INPUT DATA:
□ □ □ □
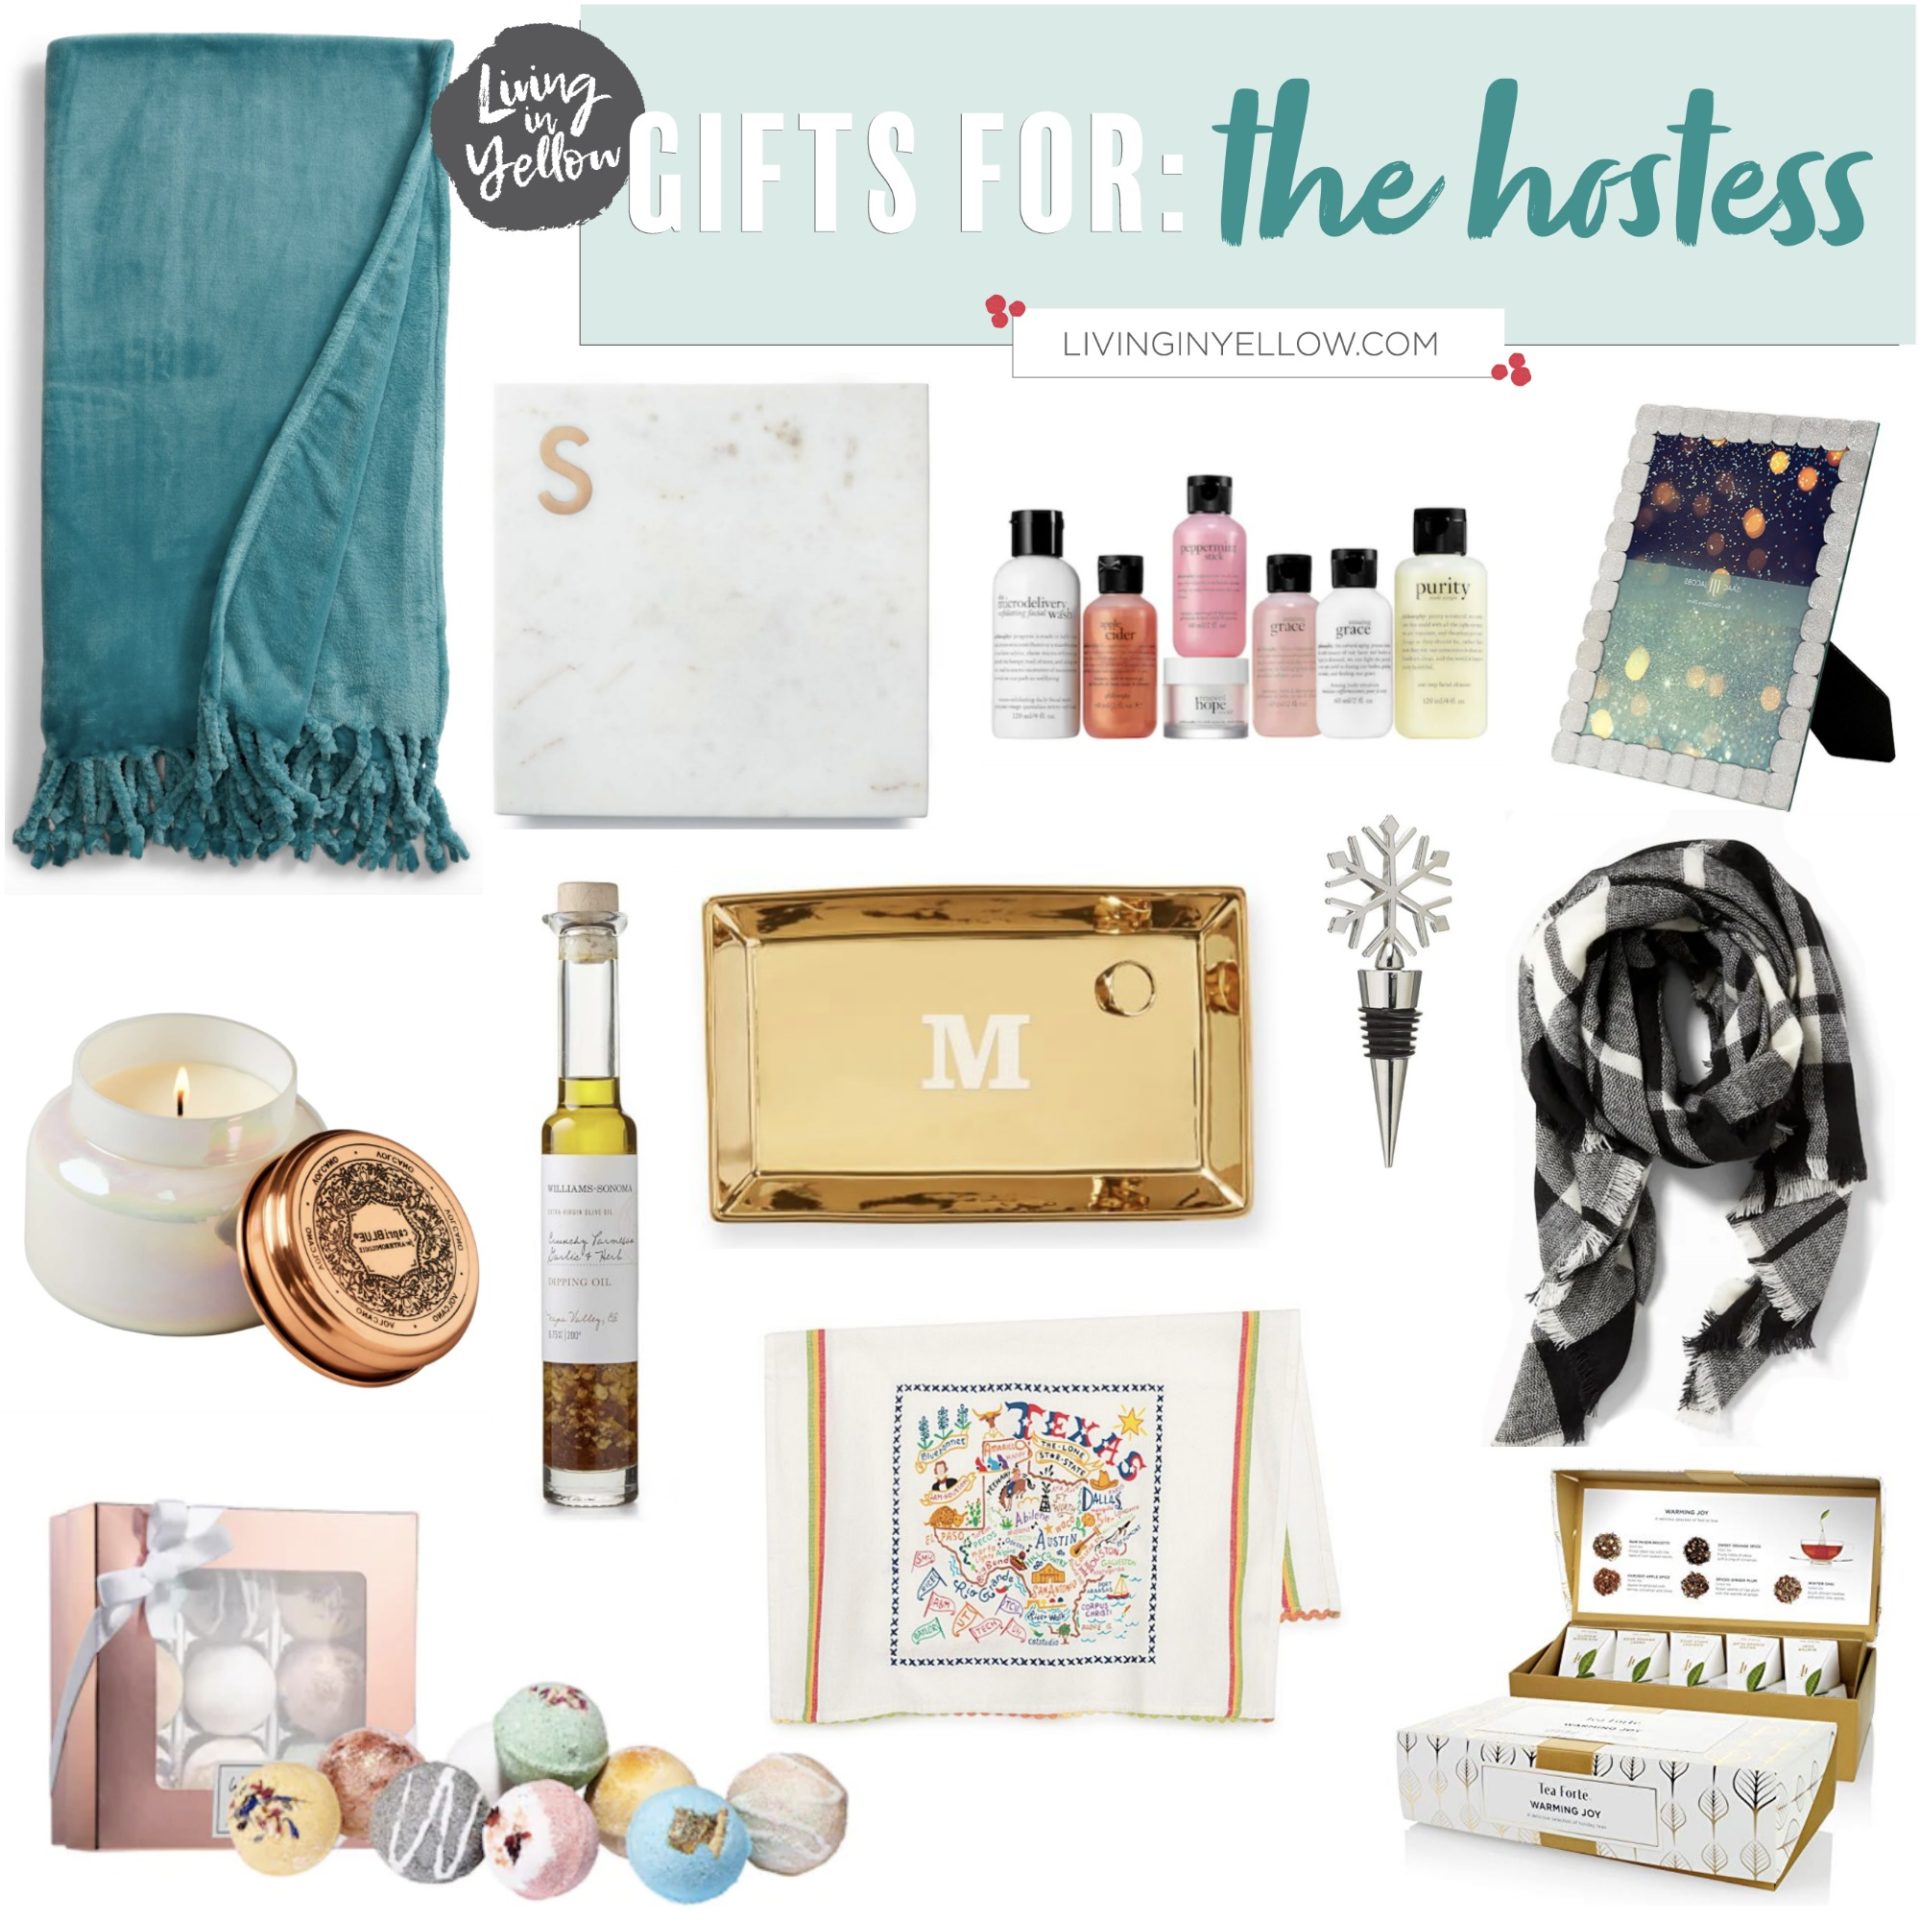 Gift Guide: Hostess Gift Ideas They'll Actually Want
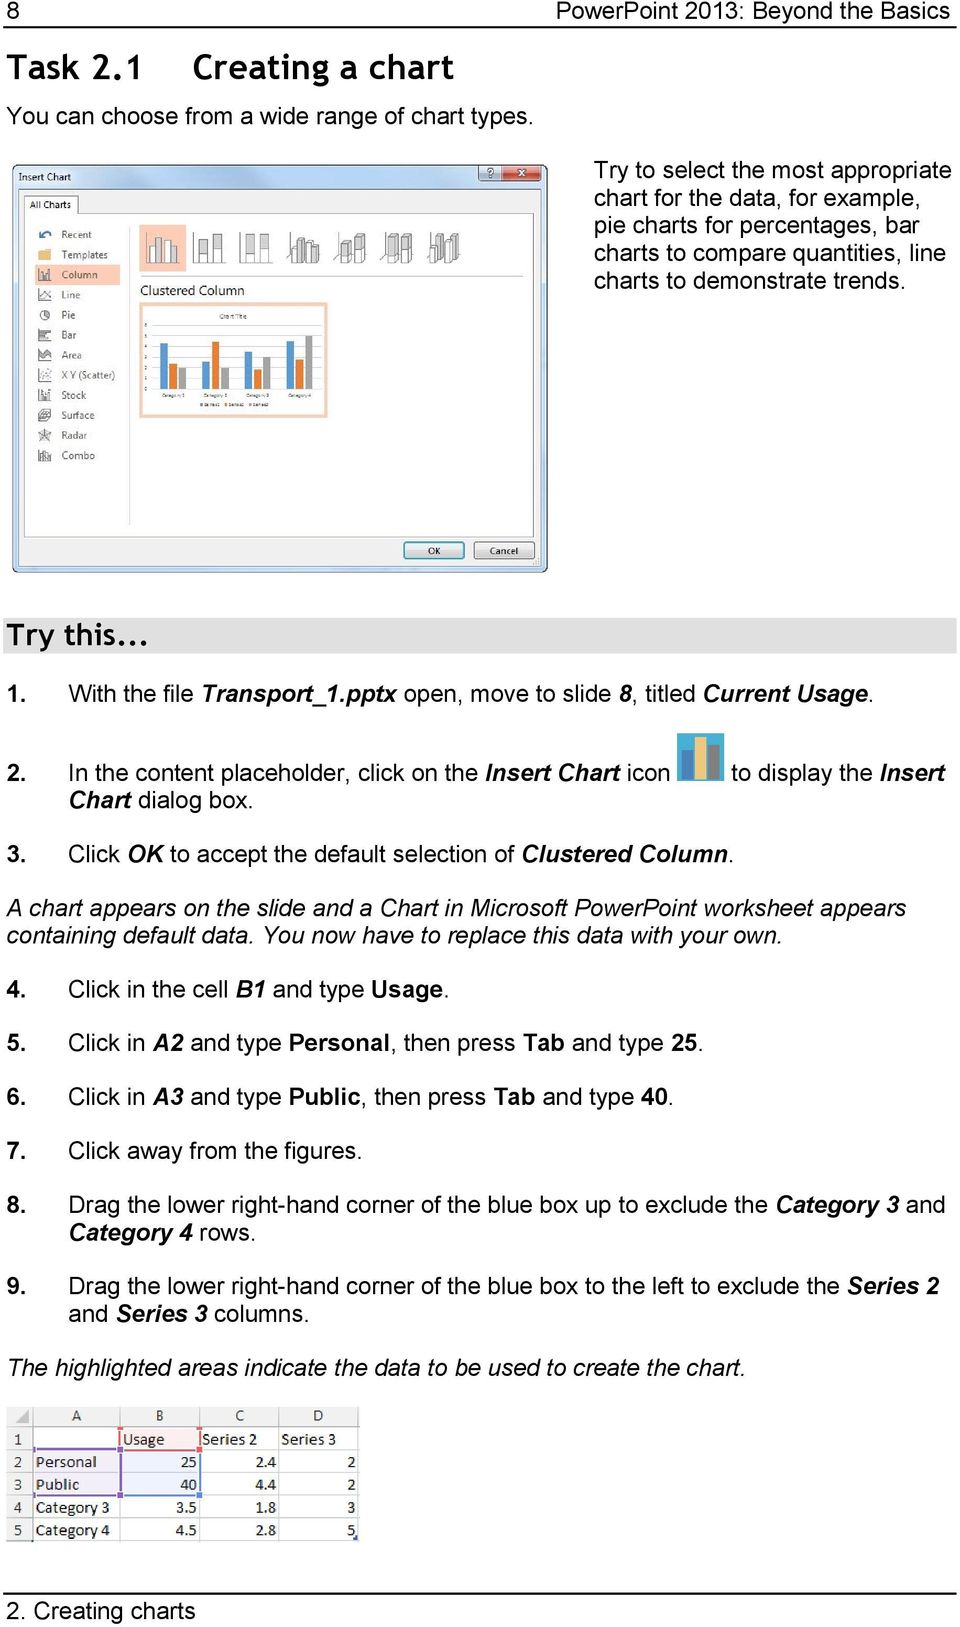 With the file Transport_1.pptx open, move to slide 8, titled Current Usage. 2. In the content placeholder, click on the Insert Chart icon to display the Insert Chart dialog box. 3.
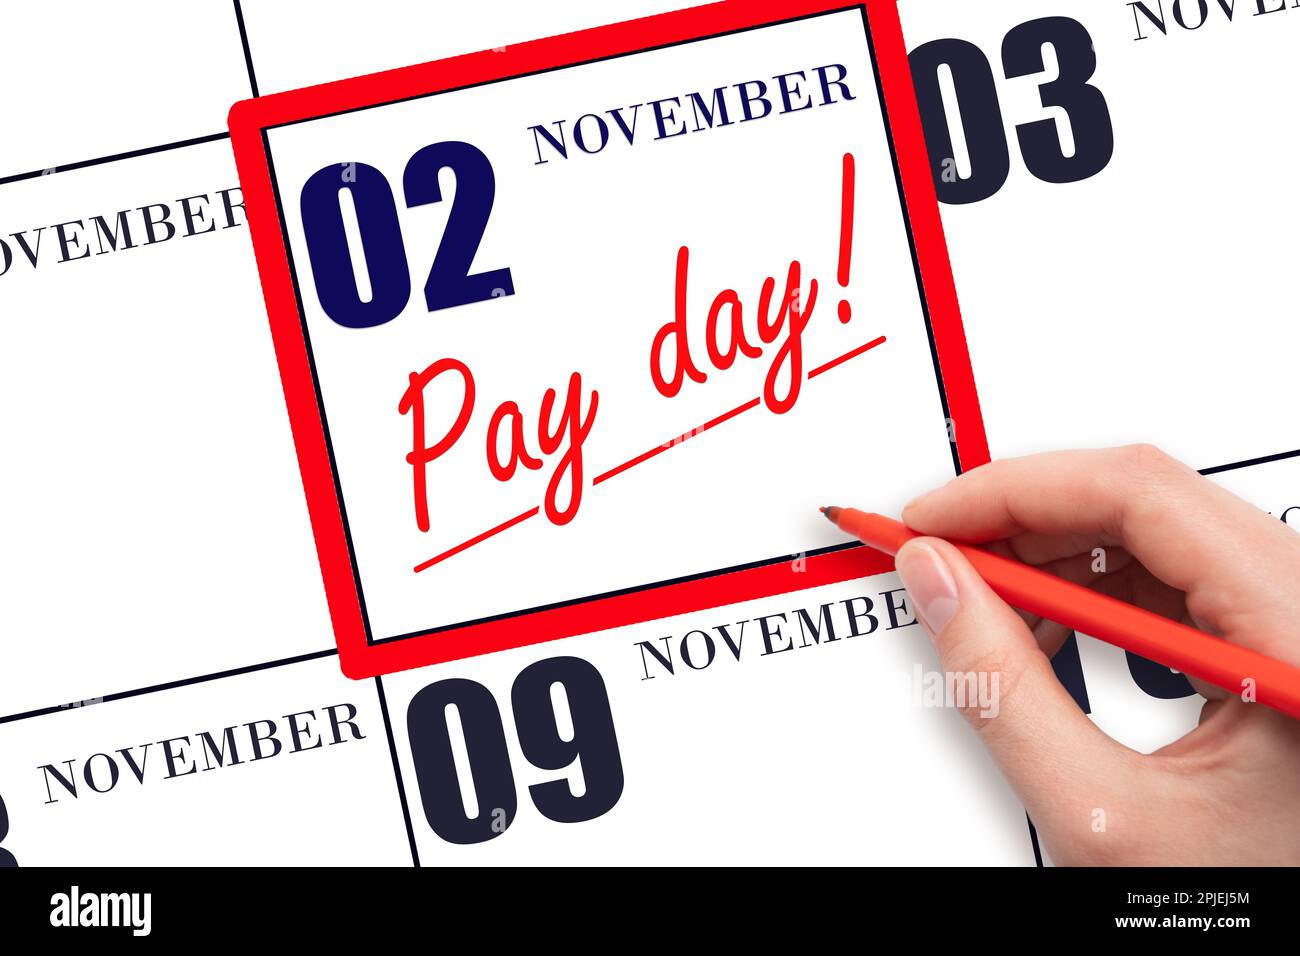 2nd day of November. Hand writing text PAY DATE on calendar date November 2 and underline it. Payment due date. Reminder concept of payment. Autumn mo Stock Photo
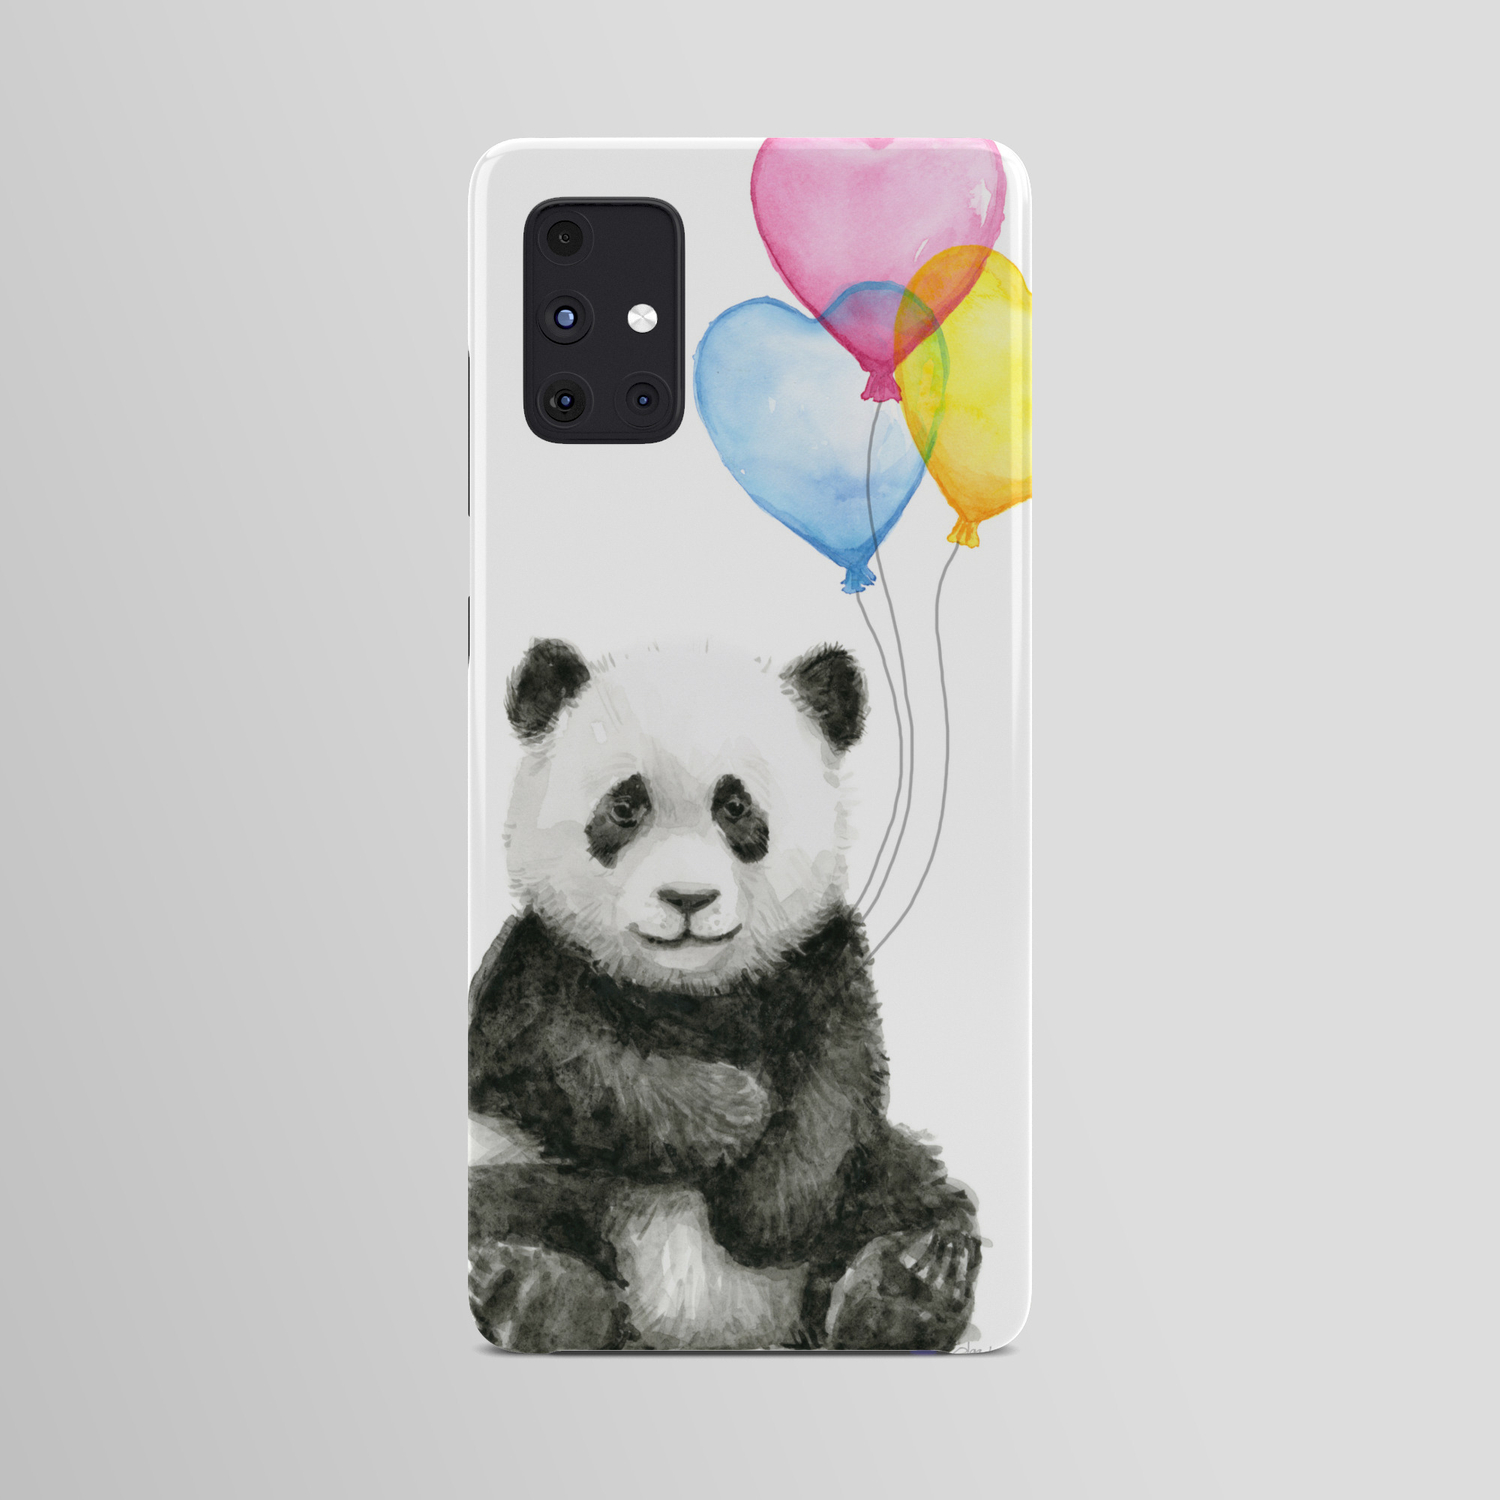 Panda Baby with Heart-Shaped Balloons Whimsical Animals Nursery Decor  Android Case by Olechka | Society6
□ □ □ □
WORK INSTRUCTIONS:
Once the line holding "2nd day of November." is found, copy it and each later line exactly through the end of the data, leaving out the pictures.

EXERCISE SOLUTION:
 2nd day of November. Hand writing text PAY DATE on calendar date November 2 and underline it. Payment due date. Reminder concept of payment. Autumn mo Stock Photo
 Panda Baby with Heart-Shaped Balloons Whimsical Animals Nursery Decor  Android Case by Olechka | Society6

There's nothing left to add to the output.